## Exercise aim:
Working through the data below, reproduce word for word the line with "Businessmen talking in" and every line after it, both ends included, and omit the pictures.

(Beginning of Data provided)

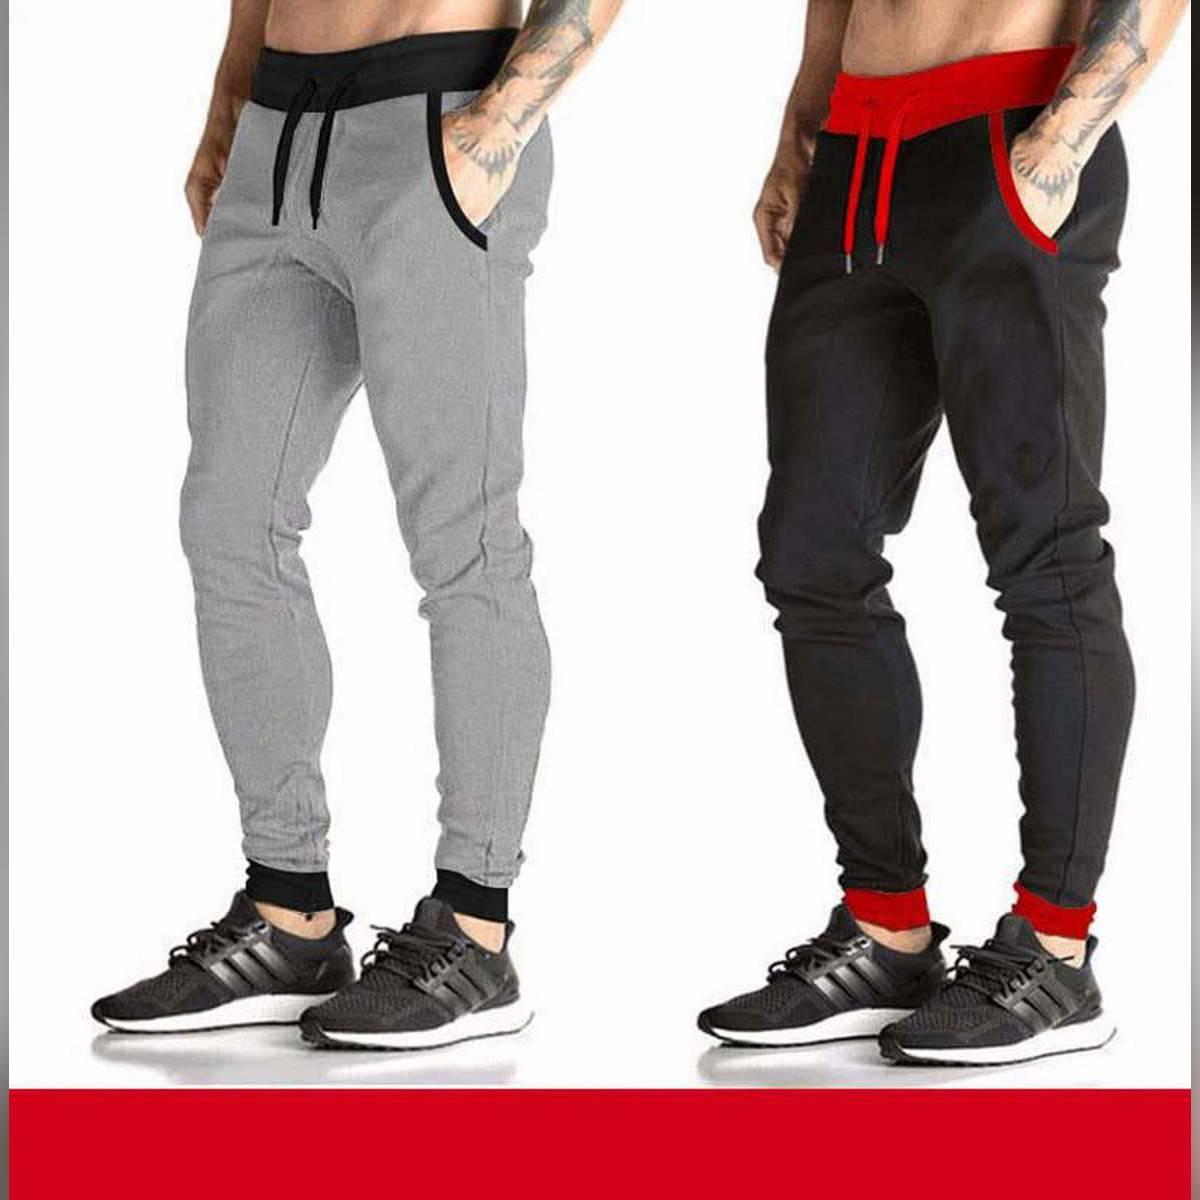 Pack Of 2 Printed Style Trouser Men Pajamas
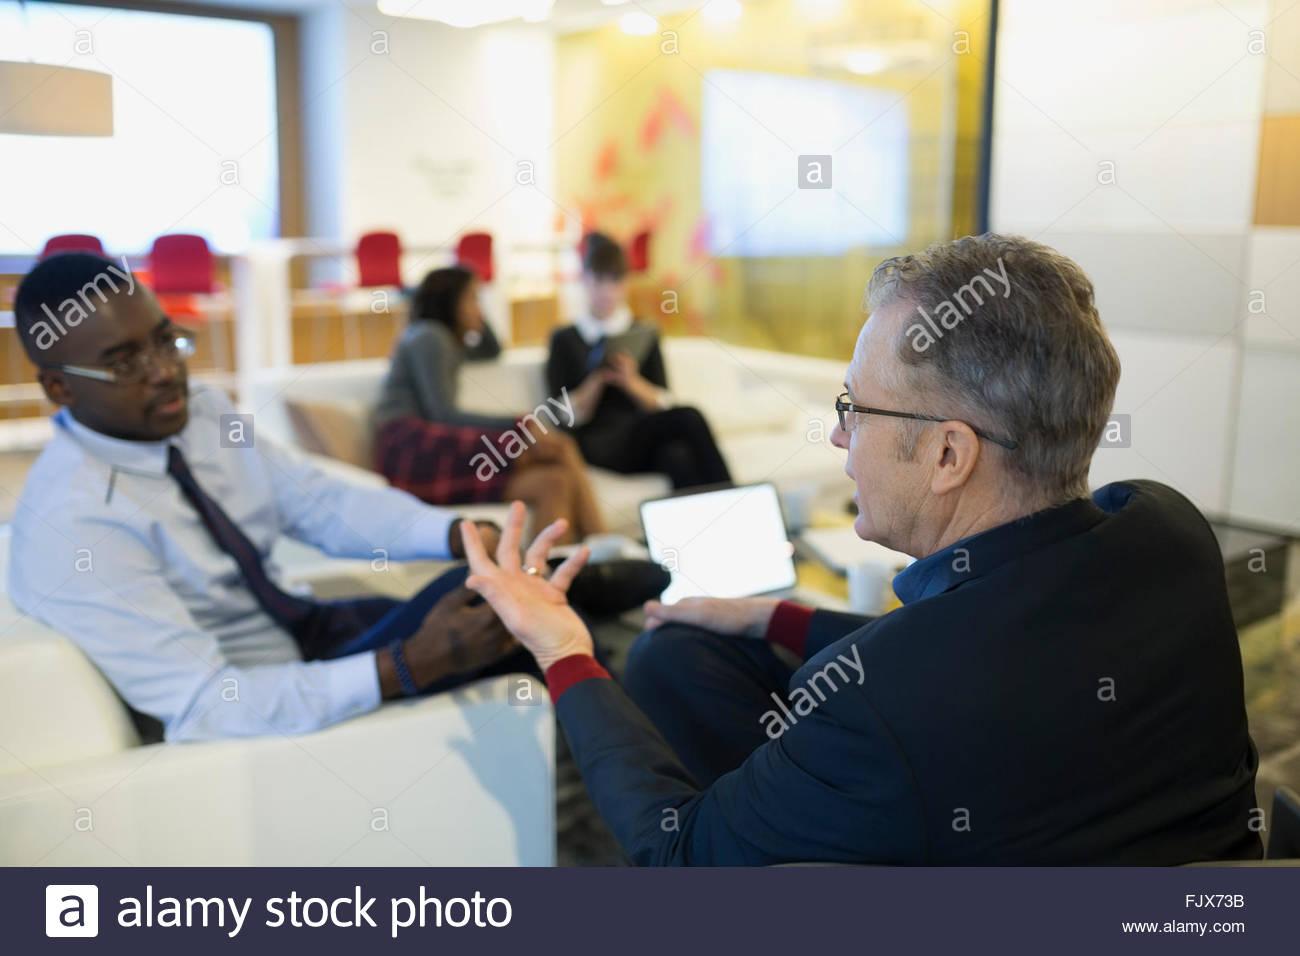 Businessmen talking in office lobby - Stock Image
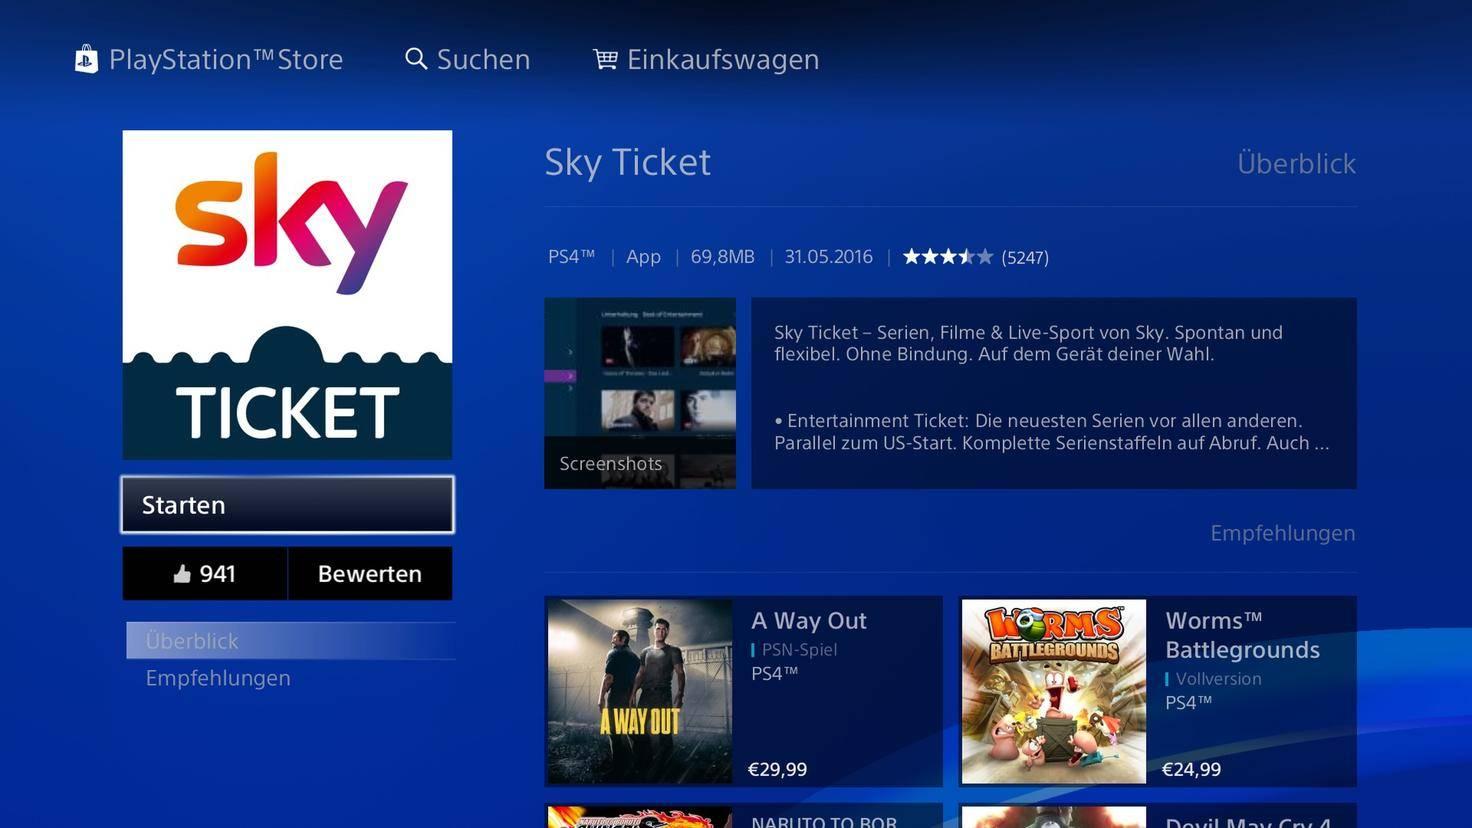 PlayStation Sky Ticket 4

(End of Data provided)

## Result:
 Businessmen talking in office lobby - Stock Image
 PlayStation Sky Ticket 4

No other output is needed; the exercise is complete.